Search code examples
mongodbnutchgora

Gora MongoDb Exception, can't serialize Utf8


I'm trying to get nutch 2.3 work with mongoDB but I get the following exception:

java.lang.IllegalArgumentException: can't serialize class org.apache.avro.util.Utf8
at org.bson.BasicBSONEncoder._putObjectField(BasicBSONEncoder.java:284)
at org.bson.BasicBSONEncoder.putObject(BasicBSONEncoder.java:185)

I've found the following ticket related to this problem, which says it should be resolved in nutch 2.3: https://issues.apache.org/jira/browse/NUTCH-1843

There's another ticket for the Gora project which says this issue is actually resolved in Gora 0.6 which can be found in https://issues.apache.org/jira/browse/GORA-388 . However Nutch 2.3 uses gora 0.5. So I don't see how this issue would be resolved in nutch 2.3.

I really would like to use MongoDB, but I can't seem to overcome the issue. Is there anyone who has insight into this problem? Is it a configuration issue?


Solution

  • The solution is to apply the following patch: https://issues.apache.org/jira/browse/NUTCH-1946 to your project. This patch updates gora to 0.6, which contains the fix for this problem.

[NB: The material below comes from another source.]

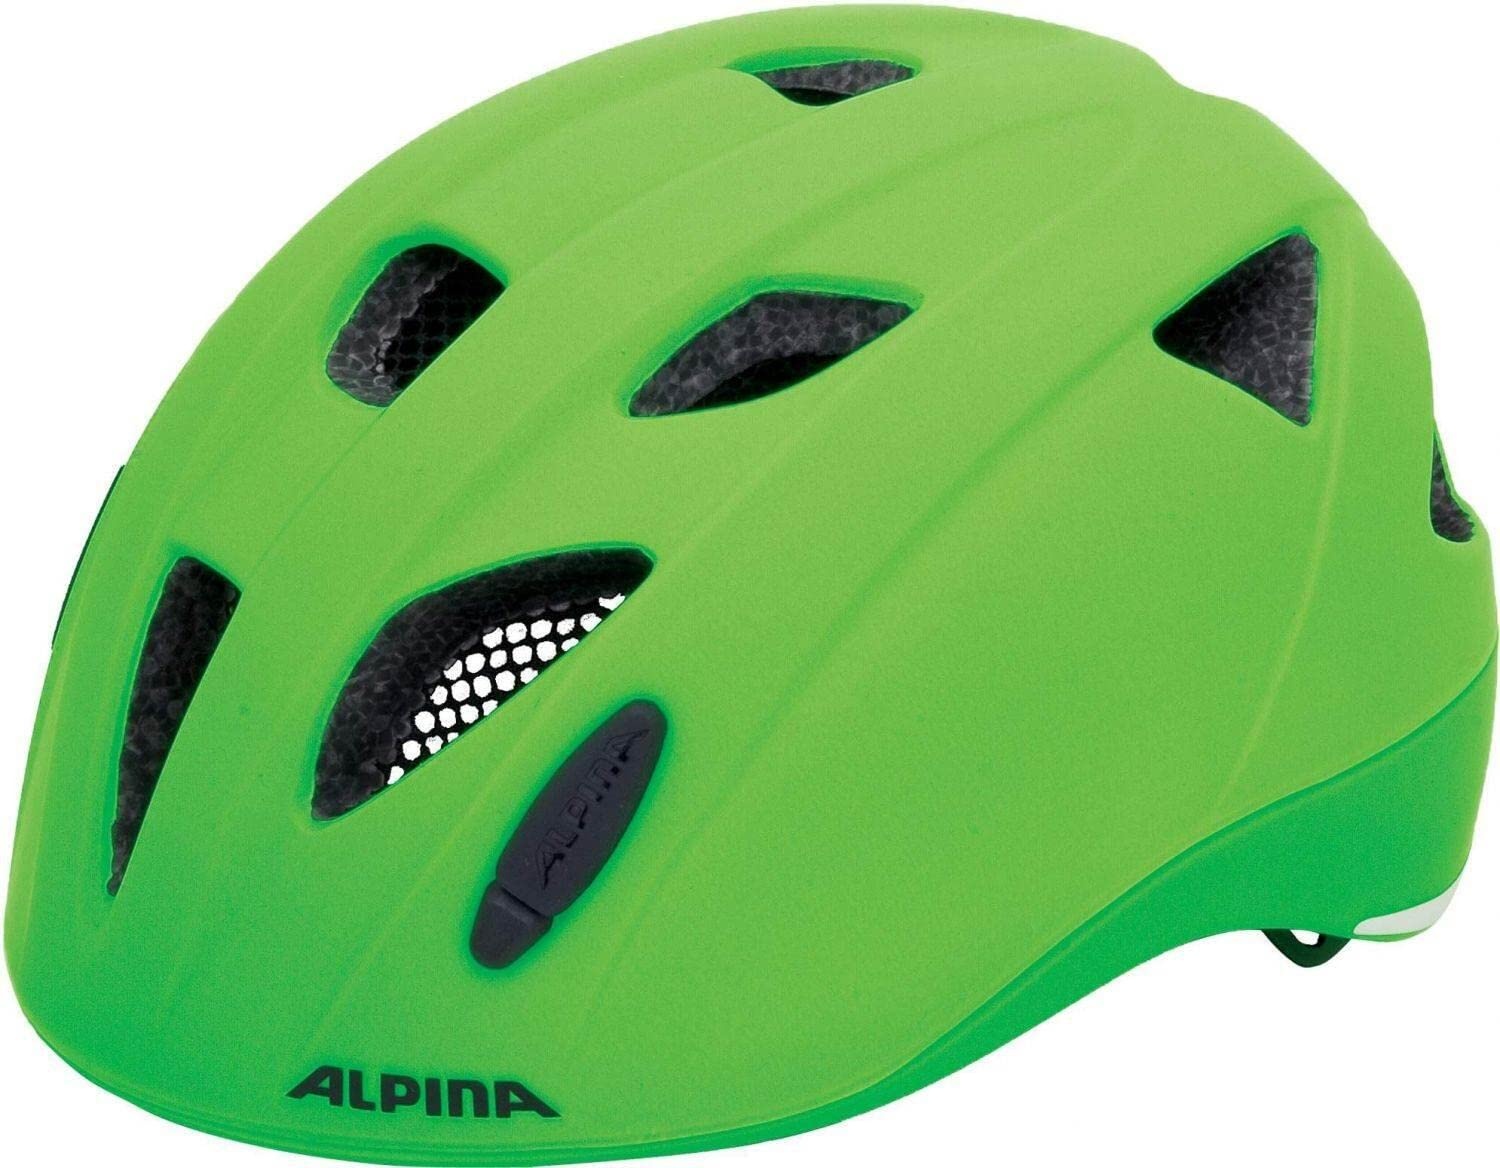 ALPINA XIMO L.E. - Leichter, Sicherer & Bruchfester Fahrradhelm Mit Optionalen LED-Licht Für Kinder, green matt, 47-51 cm

    If you run into a RuntimeException during the GeneratorJob, please add the following to your nutch-site.xml

    <property>
        <name>io.serializations</name>
        <value>org.apache.hadoop.io.serializer.WritableSerialization</value>
        <description>A list of serialization classes that can be used for
            obtaining serializers and deserializers.</description>
    </property>